■ Work required
Pictures are to be left out; every line from the one that holds "View larger image" to the end of the data is to be retyped exactly.

■ Given material
==================================================
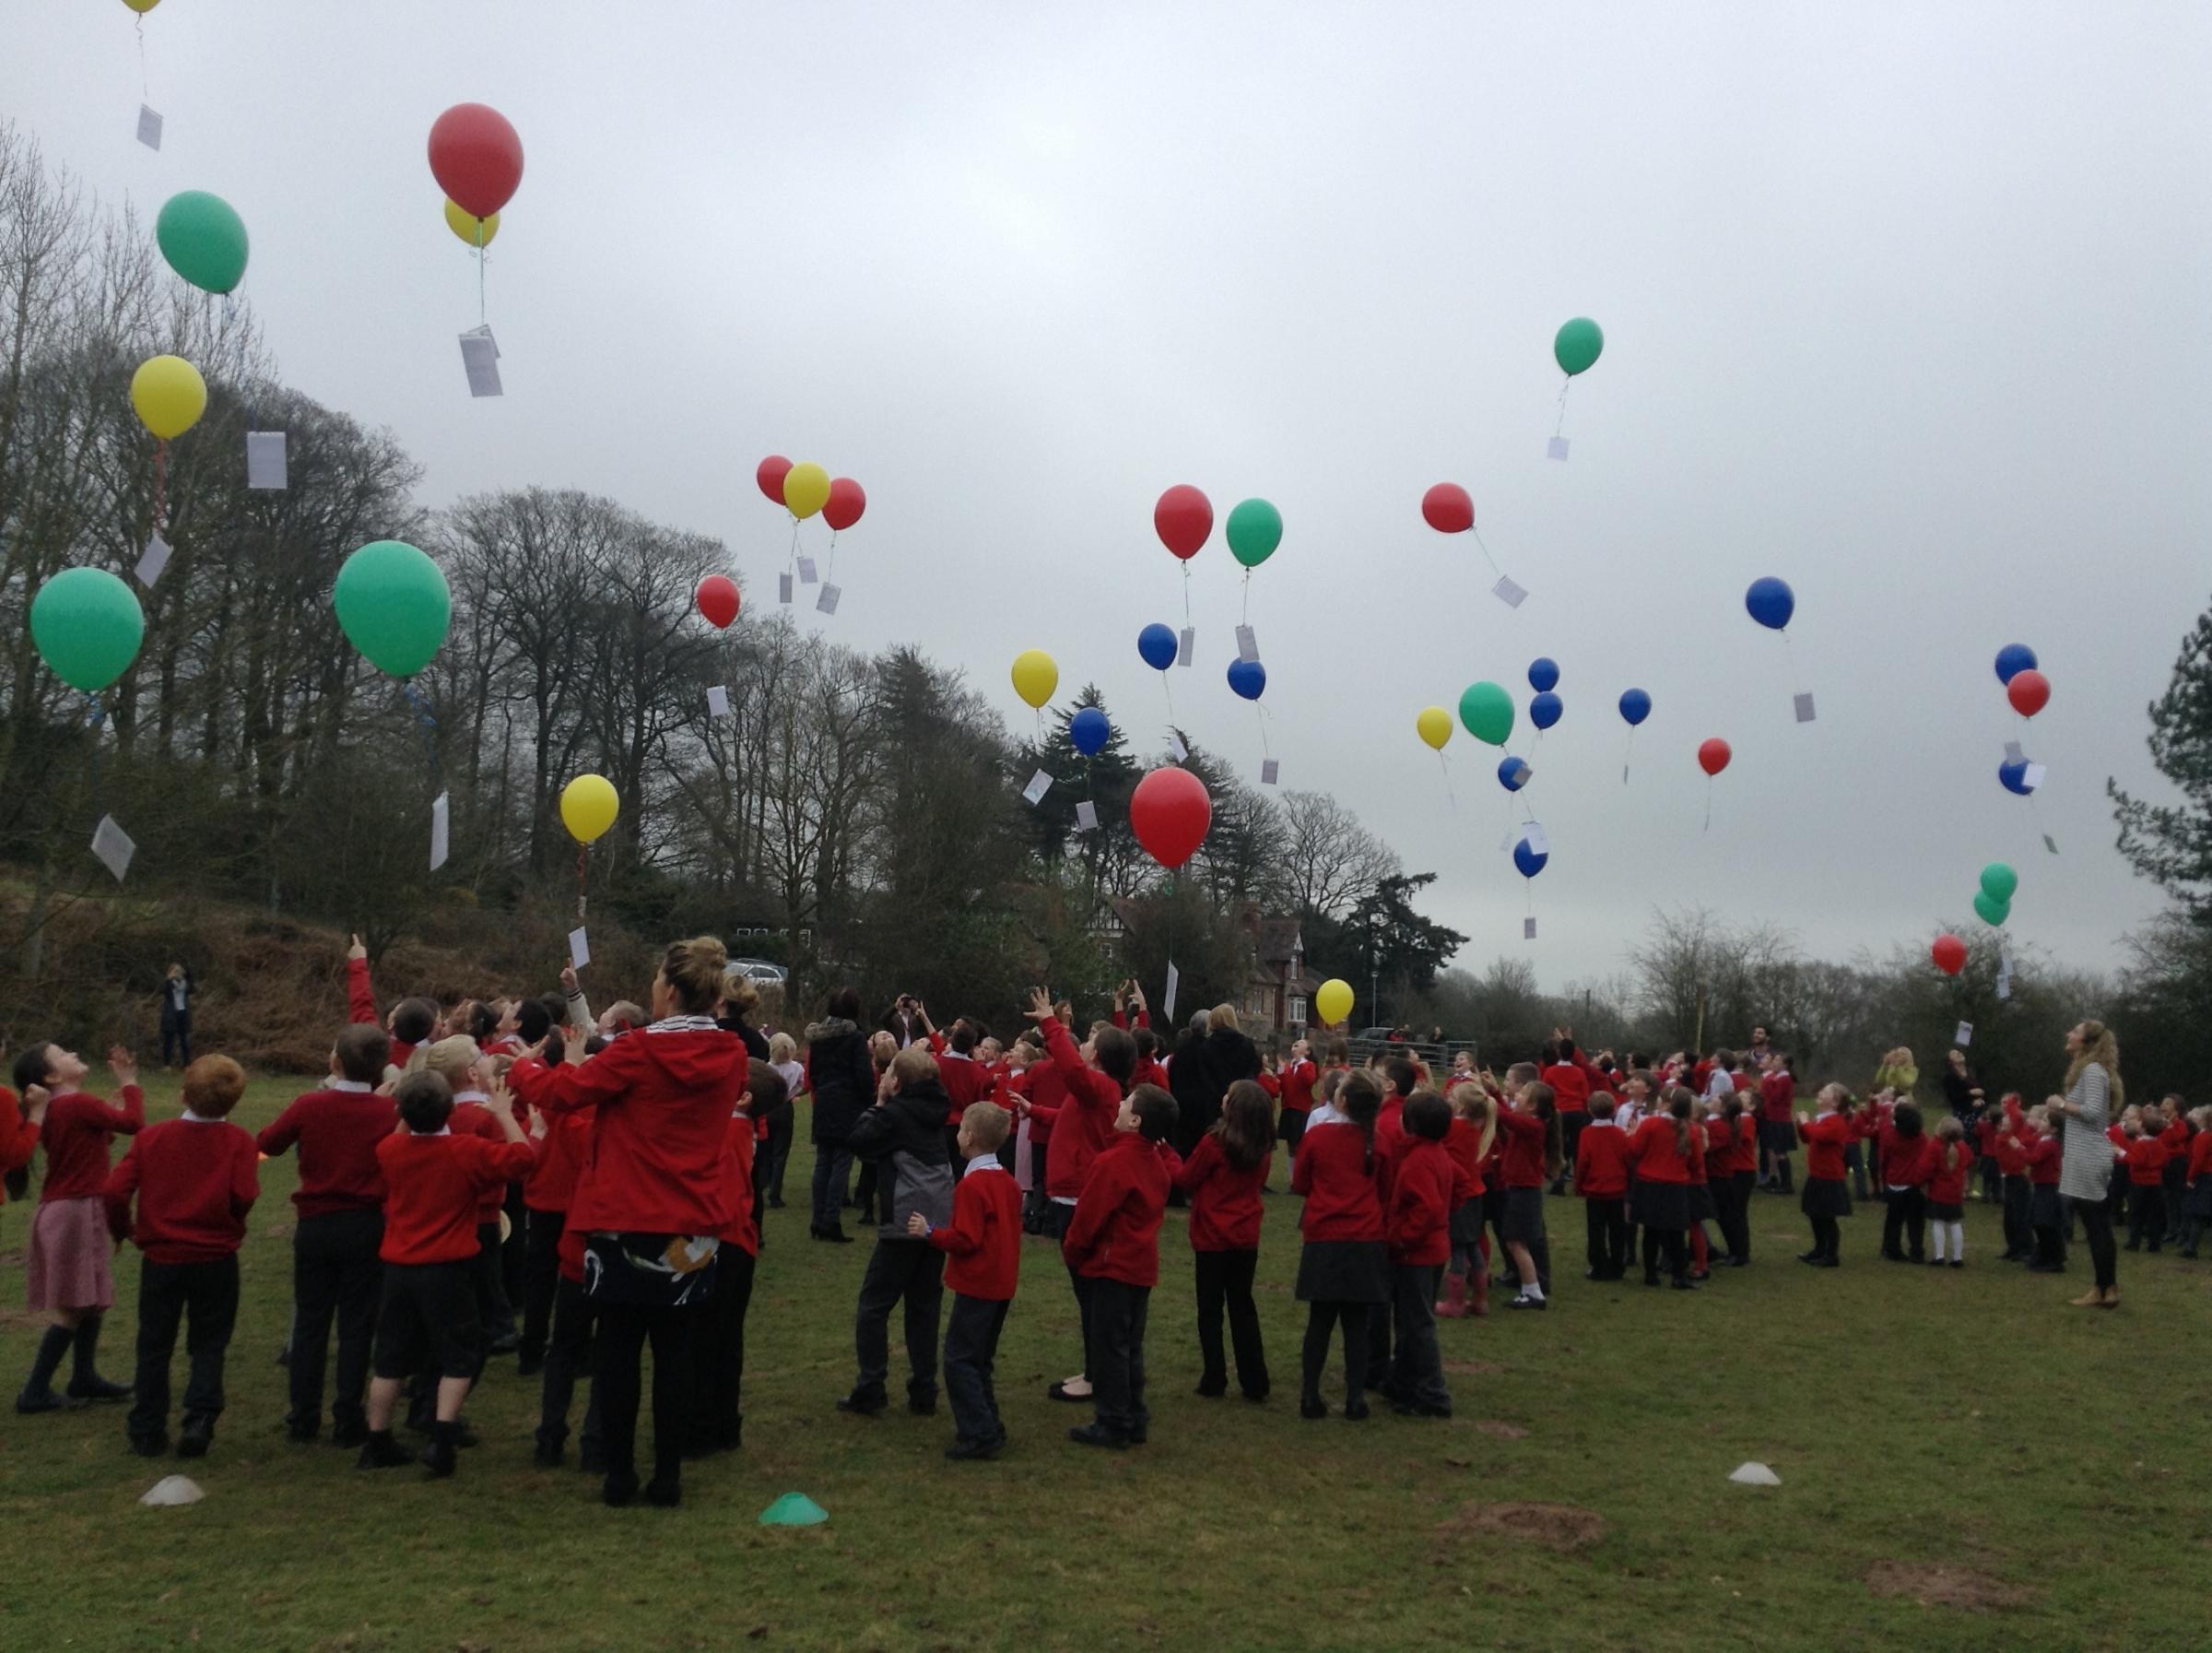 Celebrating World Maths Day with a balloon release
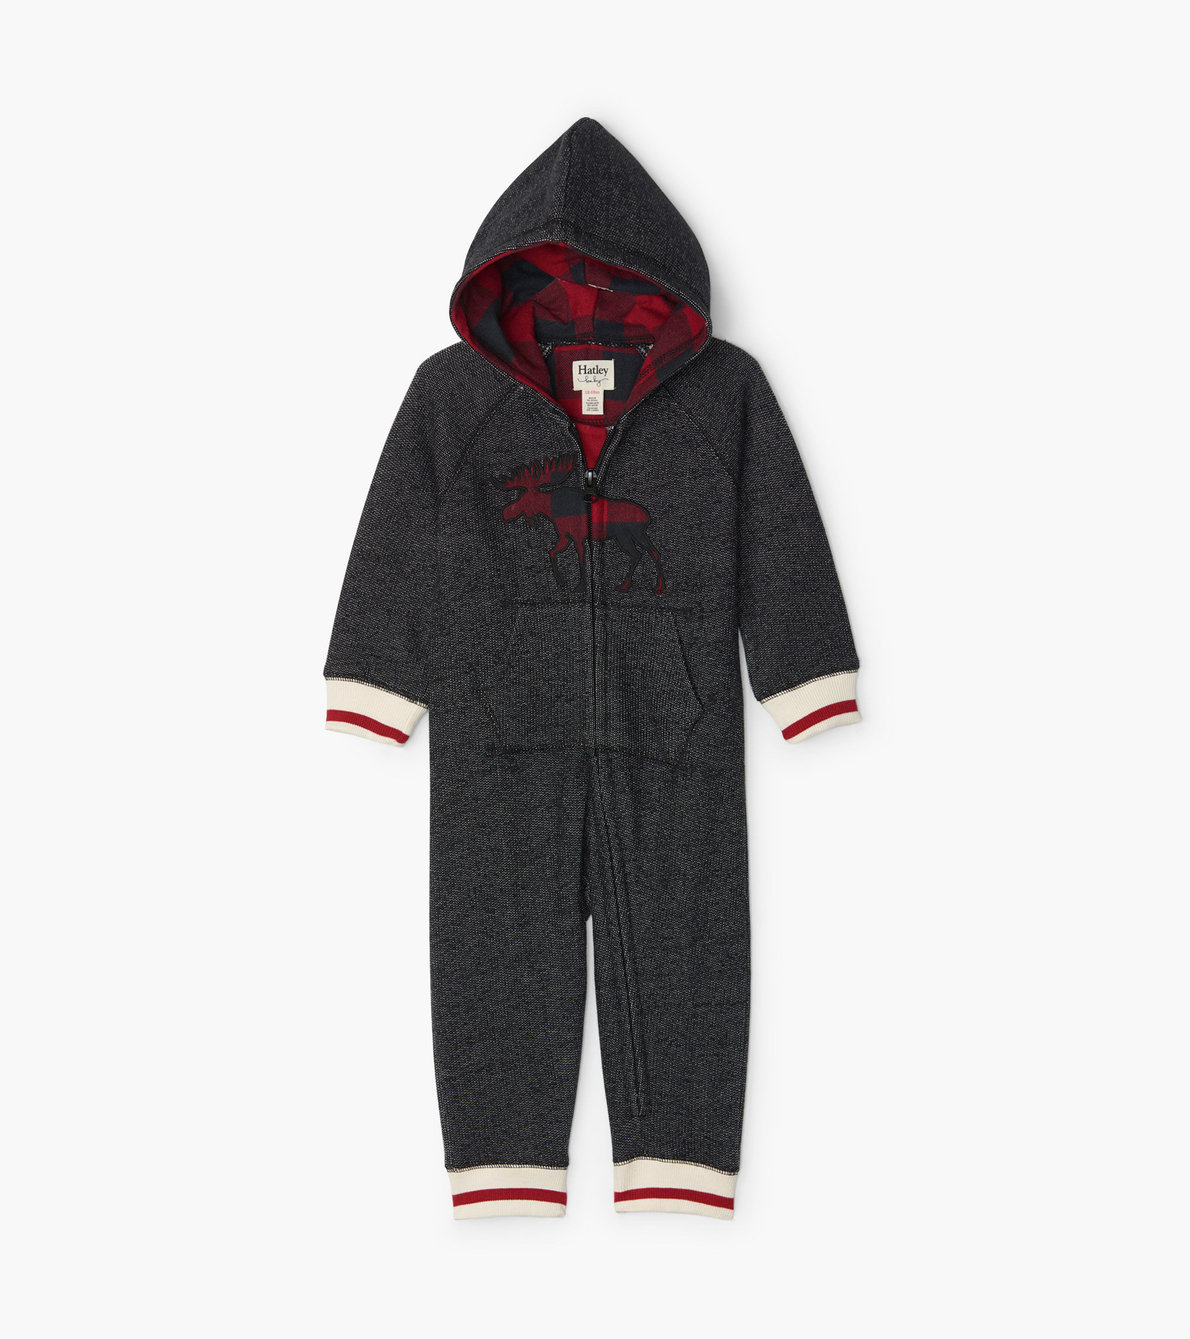 View larger image of Buffalo Plaid Moose Baby Heritage Hooded Romper
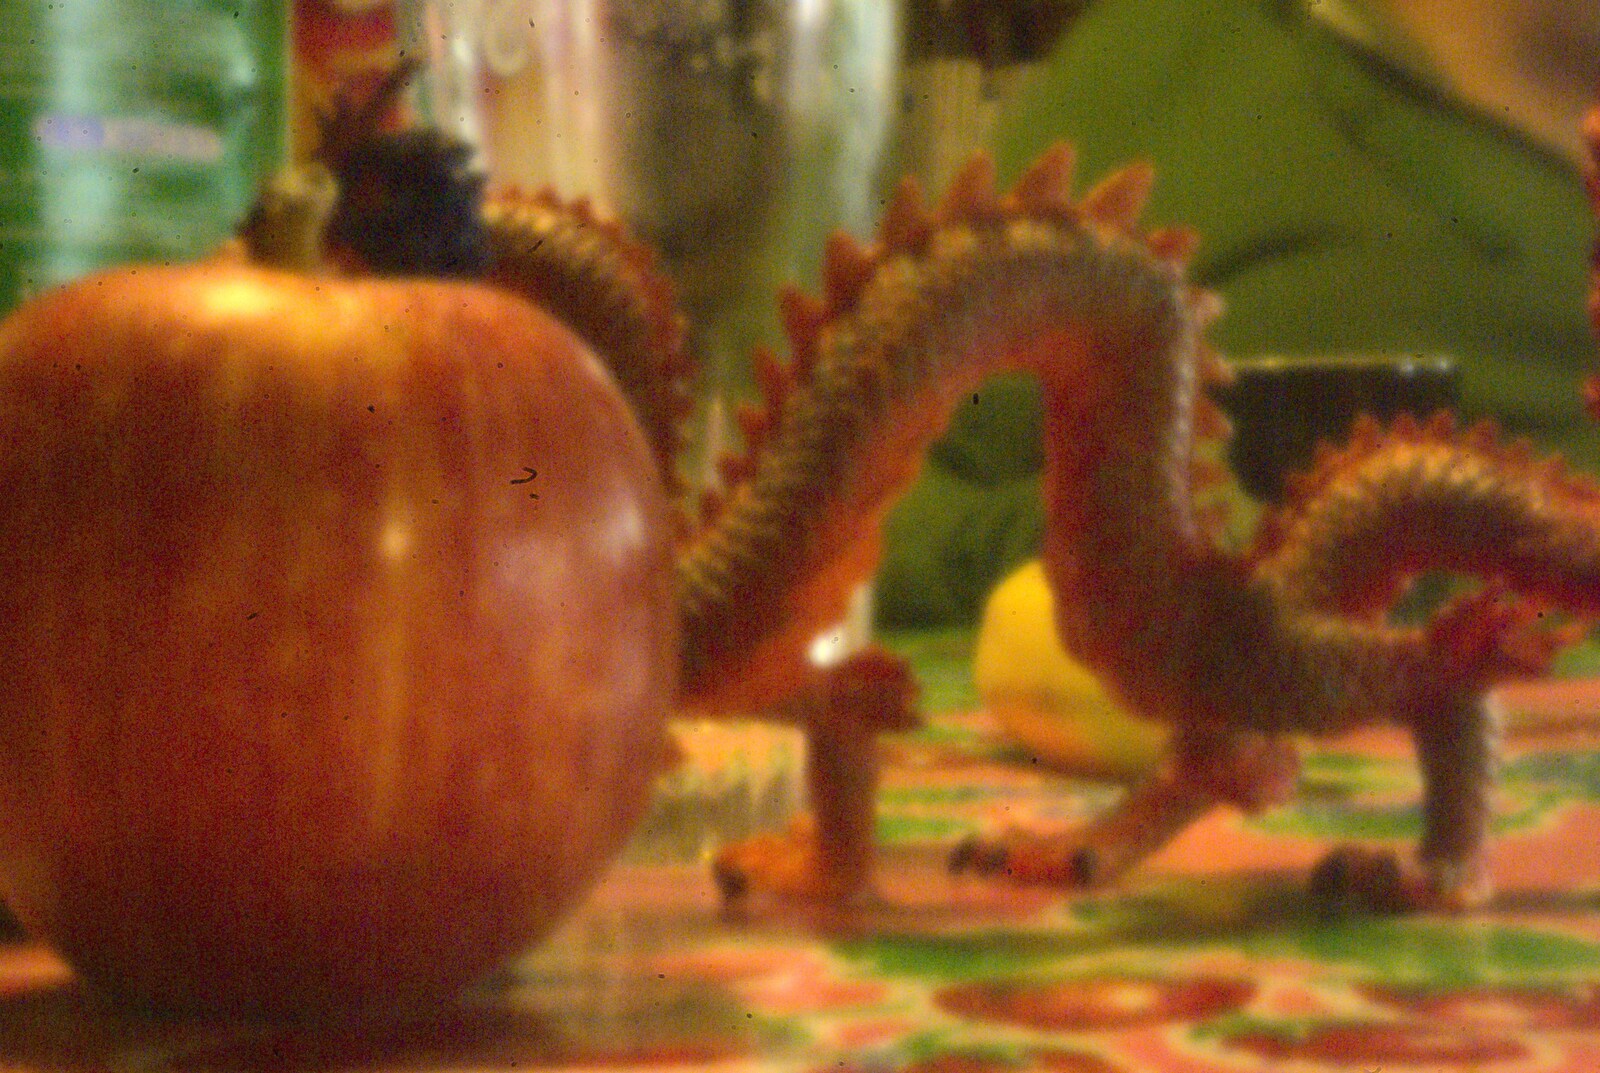 A pinhole camera shot of an apple and a Chinese dragon from A Day Trip to Brussels, Belgium - 5th April 2009
==================================================
■ Answer to this task
 View larger image of Buffalo Plaid Moose Baby Heritage Hooded Romper
 A pinhole camera shot of an apple and a Chinese dragon from A Day Trip to Brussels, Belgium - 5th April 2009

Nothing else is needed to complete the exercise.